The title of your book comes from Sophocles: “To him who is in fear everything rustles.” And yet, in reading your essays, I don’t really pick up actual fear, except perhaps in the final essay. Rather, I see ruefulness, occasional trepidation, huge curiosity, a sense of humanity’s innate frailty . . . What did you set out to encapsulate in the collection?

That’s interesting that you don’t pick up on fear. People tell me that quite often—that I don’t seem afraid, and yet I feel afraid almost all of the time, especially when writing, so in that sense the full quote is apt. And yet, I agree with you that the book isn’t all about fear. There are other shadings, and I’m happy that one of the cover images is so joyful (the blue dress, the bare feet running through leaves). For me, the rustling speaks to that state of hyper-awareness inside of fear when time seems to stop and we see and hear everything around us in sharp relief. That’s the state of awareness I’m after and curious about—in all kinds of emotions and situations—those moments that shimmer and rustle around us.
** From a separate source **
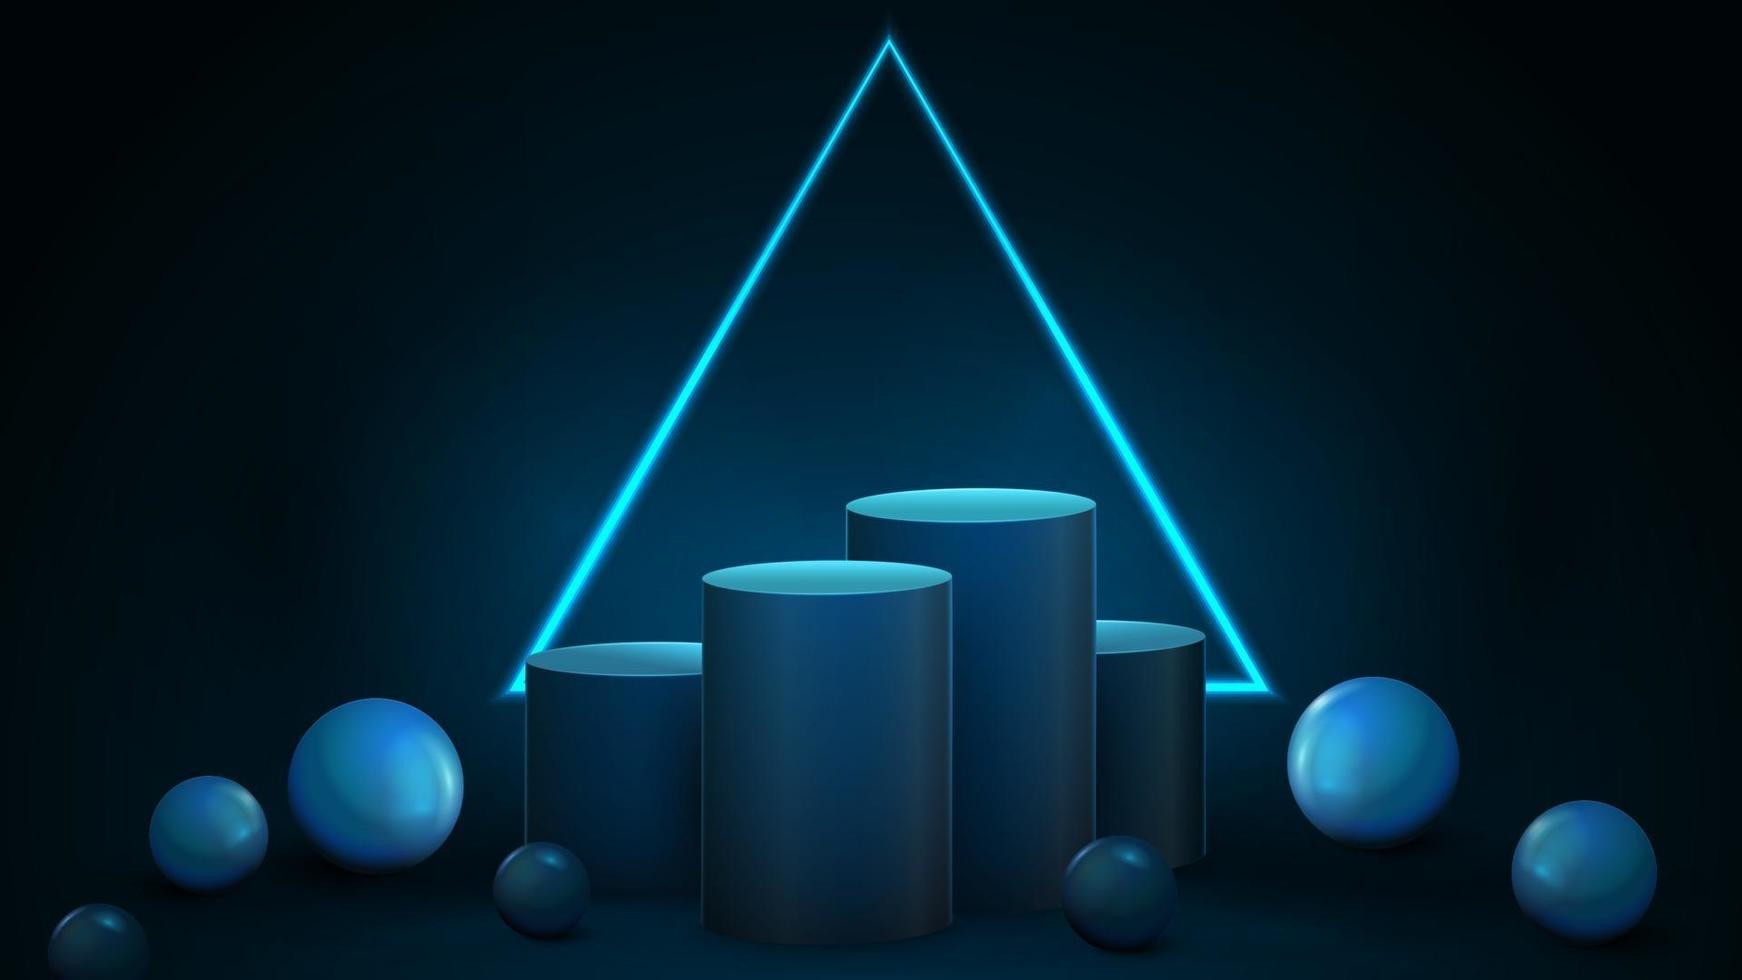 Empty blue winners cylindrical pedestals with neon triangular frame vector

You have been active as both a writer and an organizer/administrator for many years. And now you teach writing. What does your membership in the Creative Nonfiction Collective bring to you personally and professionally?

The CNFC is a wonderful group—historians, poets, memoirists, essayists— writers who aren’t afraid to look themselves in the eye. I admire them all, and I love the sense of fellowship and camaraderie in the group. At the conference, we explore questions of craft and ethics and talk about the hard things about writing from life—like when is it okay to be stopped by concerns about others’ feelings, and when is it your story alone? These are unanswerable questions, at least at a broad level or a collective level. They’re questions we all have to answer for ourselves, but without the conversations, it would be a lonely and difficult debate. One writer said at the conference that she felt in the CNFC that she had found her people. I think that’s a lovely thought—and true, if finding your people means finding the people who are engaged in the same quest as you are. I find the collective a marvelous way to engage with the world. I’ve just volunteered to be on the board, something I realized I’d missed. Teaching and writing can both be lonely jobs. Meetings. Could I really say I missed meetings? Ask me again in another year. I may have a different answer. But yes, I missed meetings.